Organ bath and microelectrode recordings were used to evaluate the effect of drugs on spontaneous mechanical activity and resting membrane potential. IJP and mechanical relaxation were studied using electrical field stimulation (EFS).

KEY RESULTS

N(omega)-nitro-L-arginine (L-NNA) inhibited the slow component of the IJP and partially inhibited the mechanical relaxation induced by EFS. MRS2179, MRS2500 and MRS2279, all selective P2Y(1) receptor antagonists, inhibited the fast component of the IJP without having a major effect on the relaxation induced by EFS. The combination of both L-NNA and P2Y(1) antagonists inhibited the fast and the slow components of the IJP and completely blocked the mechanical relaxation induced by EFS. Sodium nitroprusside caused smooth muscle hyperpolarization and cessation of spontaneous motility that was prevented by oxadiazolo[4,3-alpha]quinoxalin-1-one. Adenosine 5'-O-2-thiodiphosphate, a preferential P2Y agonist, hyperpolarized smooth muscle cells and decreased spontaneous motility. This effect was inhibited by P2Y(1) antagonists.

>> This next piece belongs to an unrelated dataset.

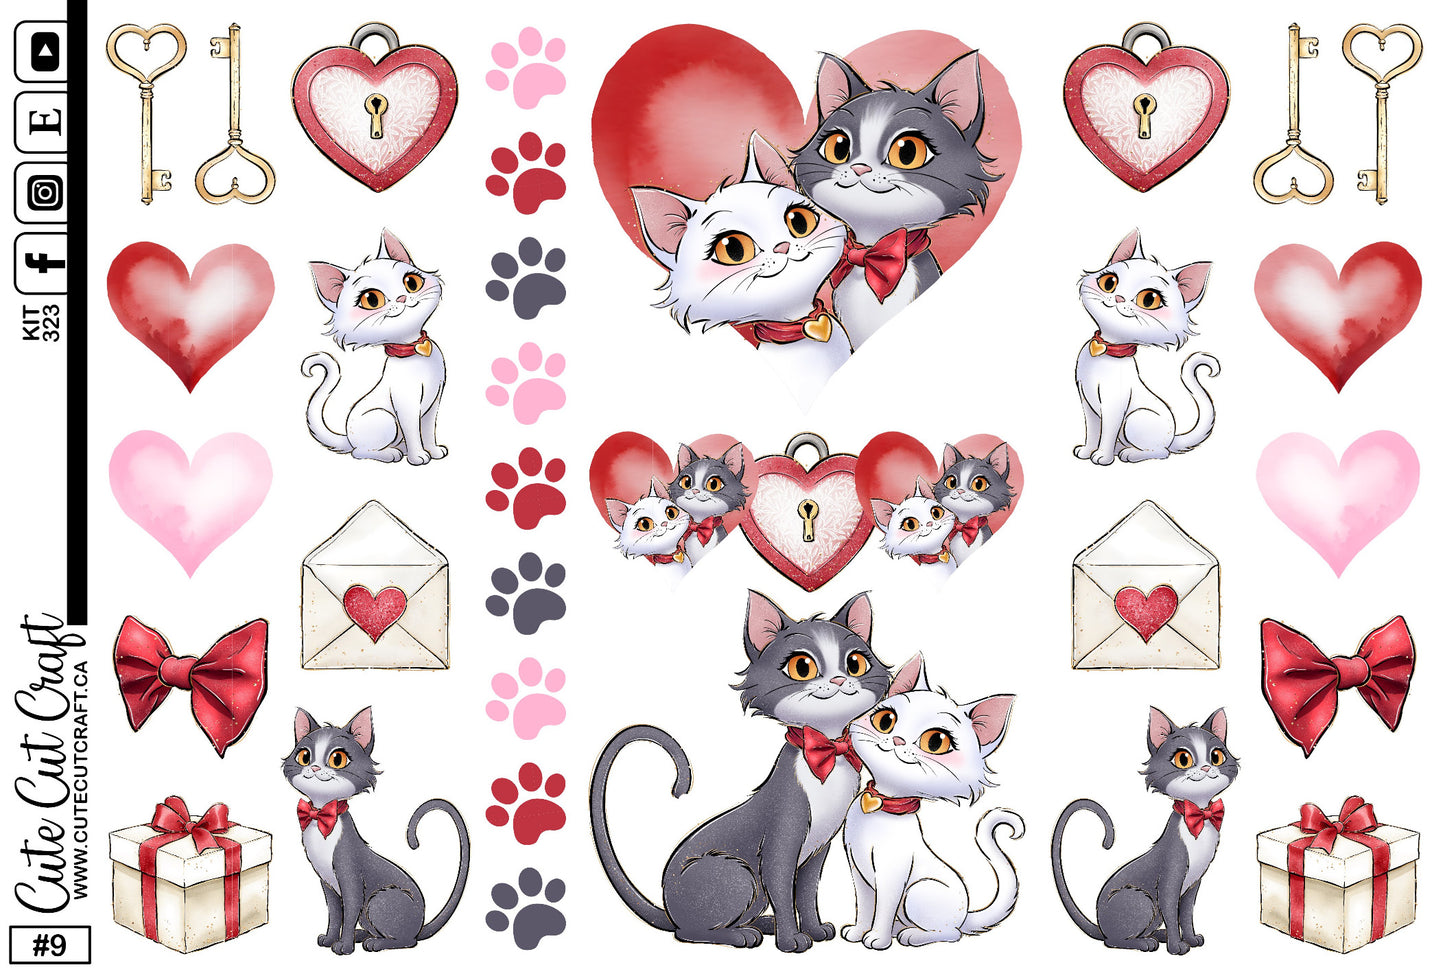 Kitty Love  #323 || HP Dashboard Weekly Kit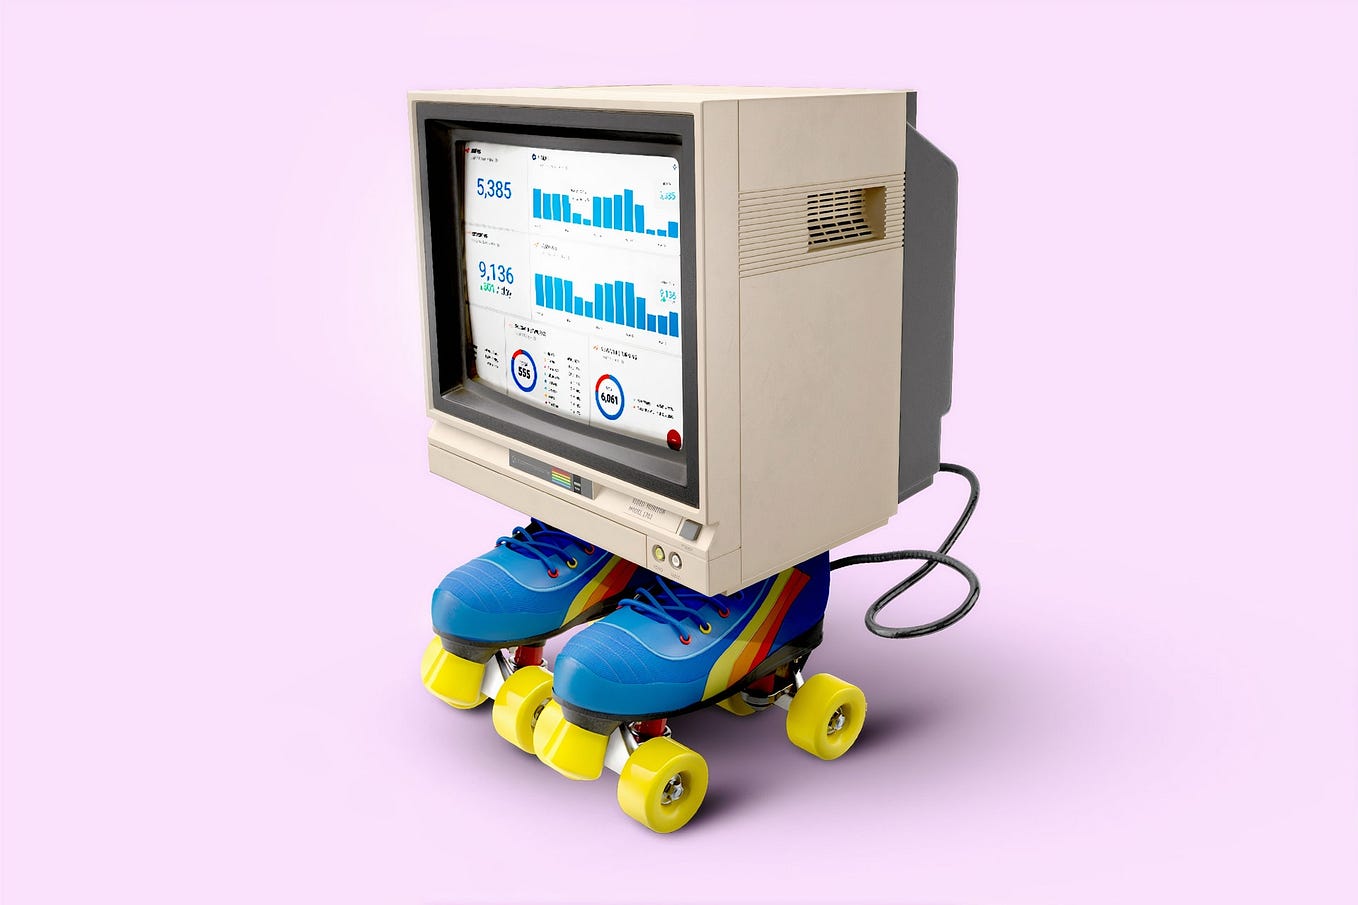 Retro computer with skates

CONCLUSIONS AND IMPLICATIONS

The co-transmission process in the rat colon involves ATP and NO. P2Y(1) receptors mediate the fast IJP and NO the slow IJP. The rank order of potency of the P2Y(1) receptor antagonists is MRS2500 greater than MRS2279 greater than MRS2179. P2Y(1) receptors might be potential pharmacological targets for the regulation of gastrointestinal motility.

摘要

背景与目的

抑制性突触后电位(IJP)负责胃肠道平滑肌的松弛。本研究的目的是使用新的 P2Y(1)拮抗剂对大鼠结肠抑制性神经肌肉接头的神经递质[一氧化氮(NO)和三磷酸腺苷(ATP)]和受体进行药理学特征分析。

实验方法

器官浴和微电极记录用于评估药物对自发性机械活动和静息膜电位的影响。使用电刺激(EFS)研究 IJP 和机械松弛。

主要结果

N(omega)-硝基-L-精氨酸(L-NNA)抑制 IJP 的慢成分,并部分抑制 EFS 诱导的机械松弛。MRS2179、MRS2500 和 MRS2279 均为选择性 P2Y(1)受体拮抗剂,抑制 IJP 的快成分,而对 EFS 诱导的松弛影响不大。L-NNA 和 P2Y(1)拮抗剂的联合抑制 IJP 的快和慢成分,并完全阻断 EFS 诱导的机械松弛。硝普钠引起平滑肌超极化和自发性运动停止,而恶二唑并[4,3-alpha]喹喔啉-1-酮可预防。ATP 的 P2Y 优先激动剂 5'-O-2-硫代二磷酸腺苷使平滑肌细胞超极化并减少自发性运动。这种作用被 P2Y(1)拮抗剂抑制。

结论和意义

大鼠结肠的共传递过程涉及 ATP 和 NO。P2Y(1)受体介导 IJP 的快成分,而 NO 则介导 IJP 的慢成分。P2Y(1)受体拮抗剂的效力顺序为 MRS2500 > MRS2279 > MRS2179。P2Y(1)受体可能是调节胃肠道动力的潜在药理学靶点。